Have a question about this project? Sign up for a free GitHub account to open an issue and contact its maintainers and the community.

By clicking “Sign up for GitHub”, you agree to our terms of service and privacy statement. We’ll occasionally send you account related emails.

Already on GitHub? Sign in to your account

RFC: Leverage --incremental #1310

Open
yacinehmito opened this issue Dec 8, 2019 · 27 comments
Open

RFC: Leverage --incremental #1310

yacinehmito opened this issue Dec 8, 2019 · 27 comments

Comments

@yacinehmito
Copy link

yacinehmito commented Dec 8, 2019

This is a feature request.

Issue

Our team is working on a large codebase and we are currently having issues with the time our CI takes. We are looking at all the ways to make the build faster.
One of the bottlenecks is the time it takes to run the tests. We investigated and most of time taken to run unit tests is not to actually run the tests but to compile the TS files on-the-fly.

Expected behavior

The thing is that TS files have already been compiled as part of the build step. We would love for ts-jest to leverage this and rely on them.

One idea is to have ts-jest write the compiled files on disk and leverage the incremental option. As ts-jest attempts to recompile the code, tsc will see that most of the work was already done.

We understand this is a large undertaking and I am ready to help! From a quick glance I already identified ts-jest performs additional transformation to hoist jest.mock() and that could be a challenge.

Alternatives

We found none of the speed-up alternatives to be satisfying. They are:

  • Compile the test files ahead of time. It works great but we lose snapshots and it's a poor developer experience. Not a good fit.
  • Compile with babel instead of ts-jest. It's still slow, it doesn't support all of TypeScript features, the TDD experience is not as good and the code that is tested in not the one that actually runs in production. Not a good fit.

We would largely prefer to stick with ts-jest but performance improvements are really necessary for us. Again, I'm ready to work on it.

What do you think about this feature, and would you support a PR introducing it?

@ahnpnl
Copy link
Collaborator

ahnpnl commented Dec 8, 2019

Hi,

We are happy to get community's help in improving ts-jest. Right now we are lack of capacity to support all needs from the community. Therefore feel free to help us by your PRs, we really appreciate.

@yacinehmito
Copy link
Author

yacinehmito commented Dec 29, 2019

I attempted to work on this but currently ts-jest assumes that all compilation happens in memory and hands off caching to Jest.
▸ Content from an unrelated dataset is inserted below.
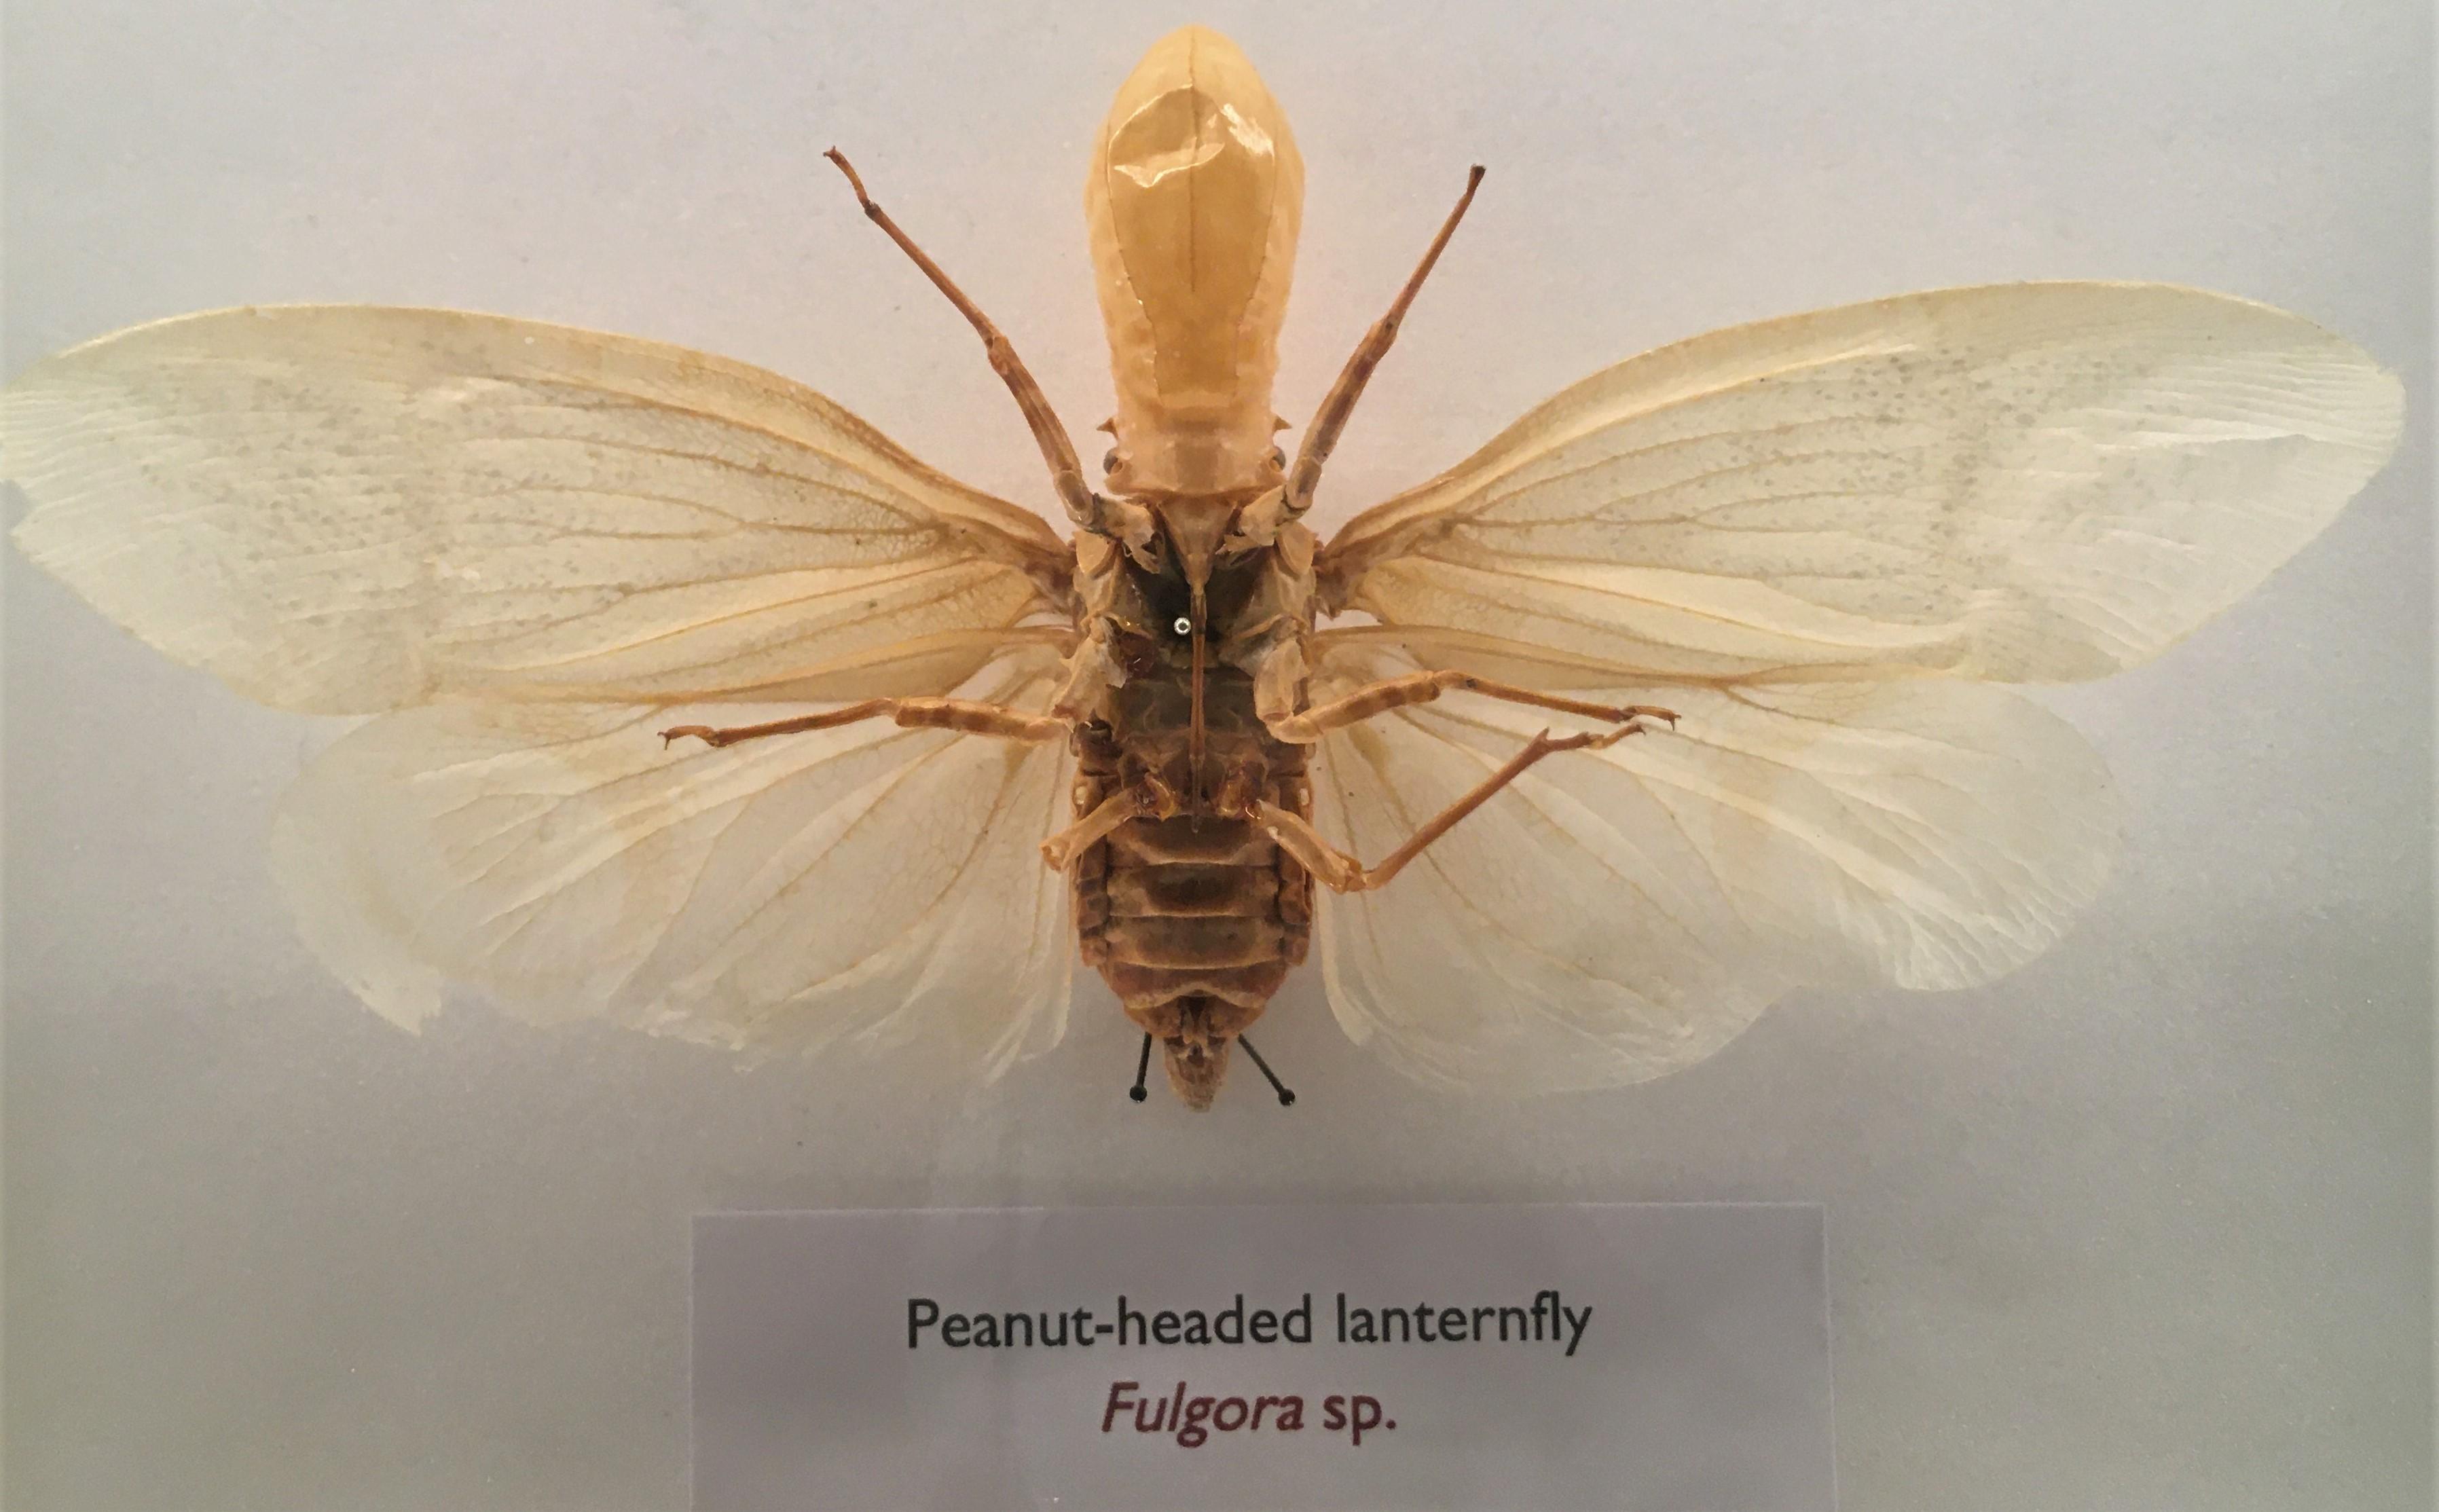 Peanut-headed lanternfly specimen

Leveraging --incremental goes against that.
It's an assumption that is relied on throughout the code so I couldn't refactor easily.

I'll try to do an incremental-only Jest transformer first and see how it behaves. After that we may consider introducing the feature to ts-jest but that will be a large undertaking.

@ahnpnl
Copy link
Collaborator

ahnpnl commented Dec 29, 2019

Have you checked ts-jest processing doc ? Does it help to bring up some ideas for your work ?

@yacinehmito
Copy link
Author

yacinehmito commented Jan 3, 2020

I did after you told me about this. Thank you for the info.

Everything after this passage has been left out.